DATA RECORDS Block Start
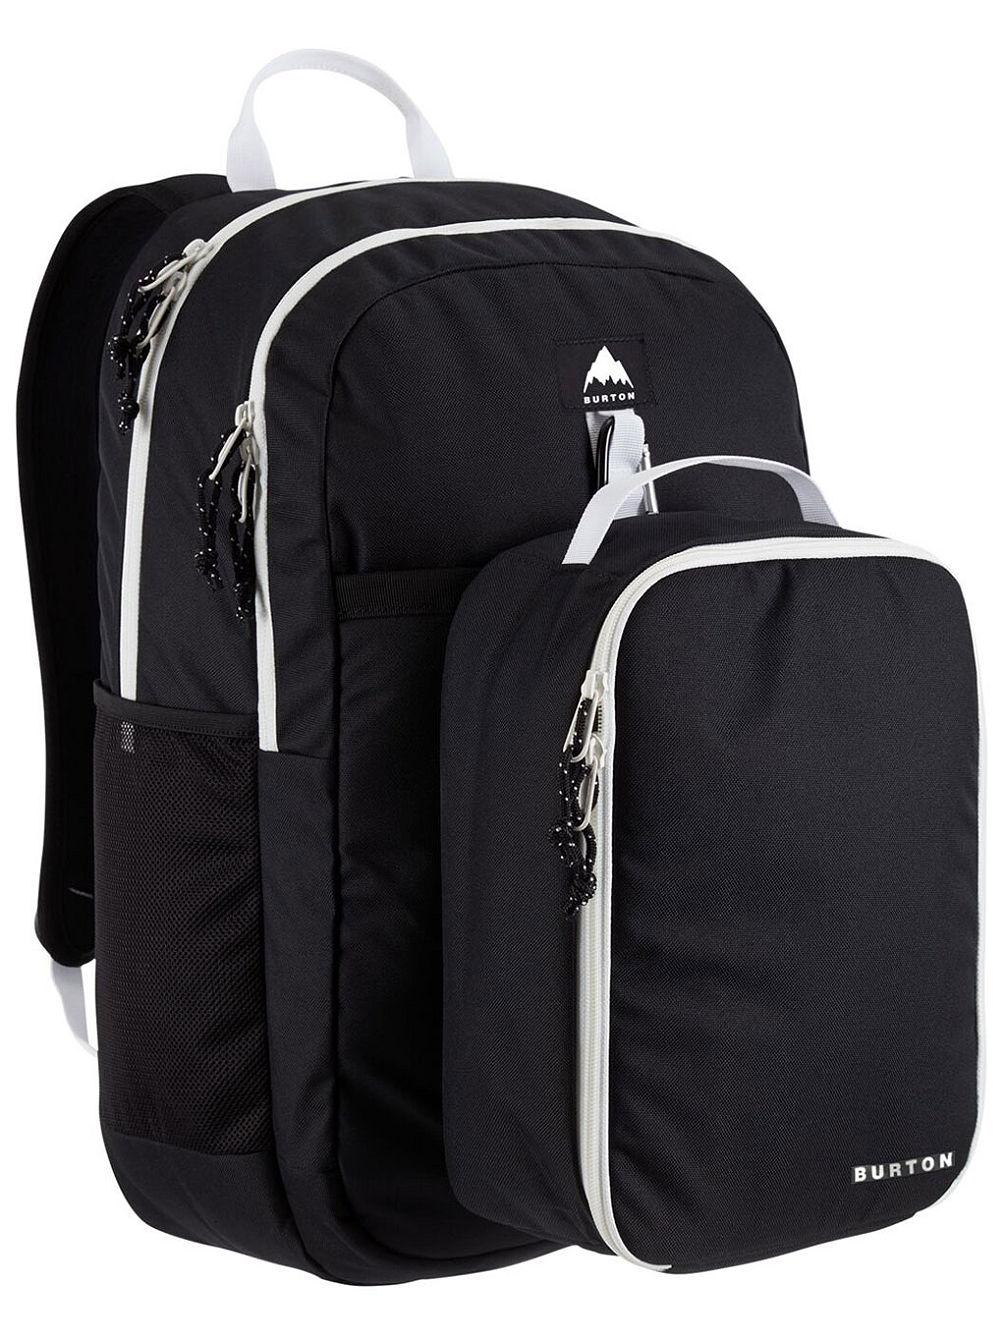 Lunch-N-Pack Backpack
DATA RECORDS Block End
DATA RECORDS Block Start
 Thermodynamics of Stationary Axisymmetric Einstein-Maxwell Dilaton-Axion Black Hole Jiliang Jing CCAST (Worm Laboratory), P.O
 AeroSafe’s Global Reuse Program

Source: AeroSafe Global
DATA RECORDS Block End
DATA RECORDS Block Start
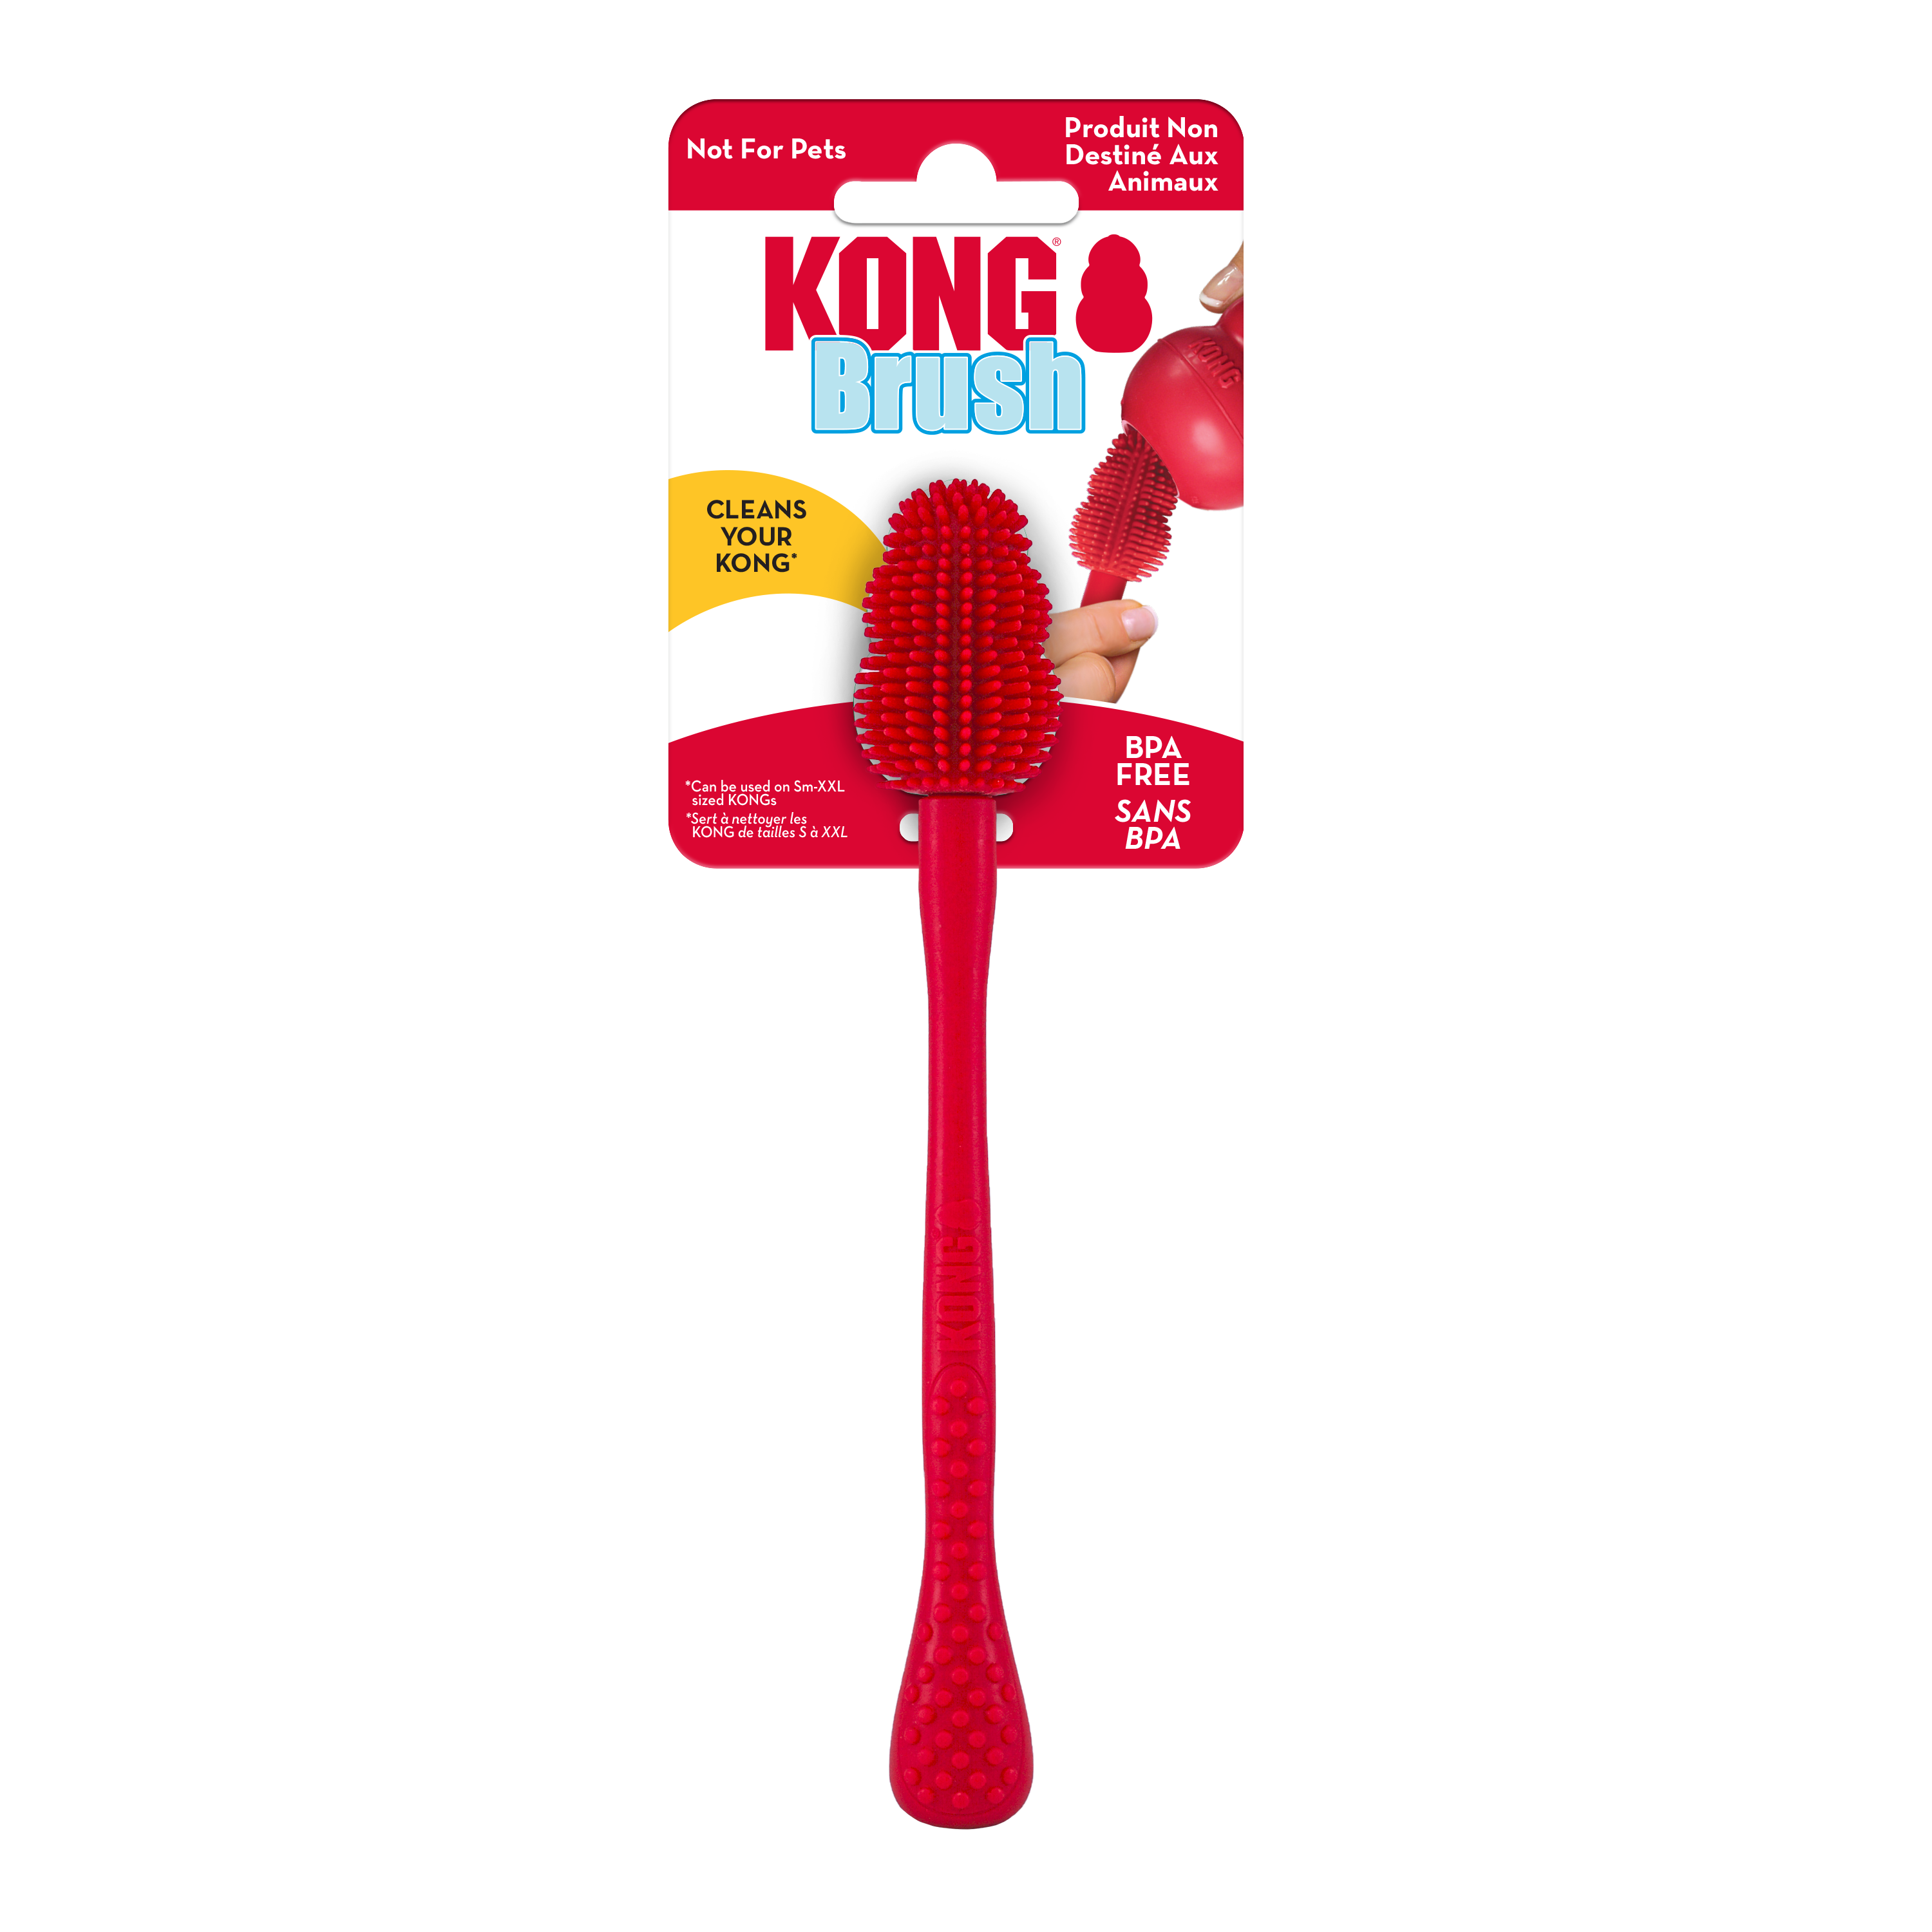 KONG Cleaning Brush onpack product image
DATA RECORDS Block End
YOUR INSTRUCTIONS:
Give the number of lines in the material above that contain the word "Global", and add nothing.

EXPECTED ANSWER:
2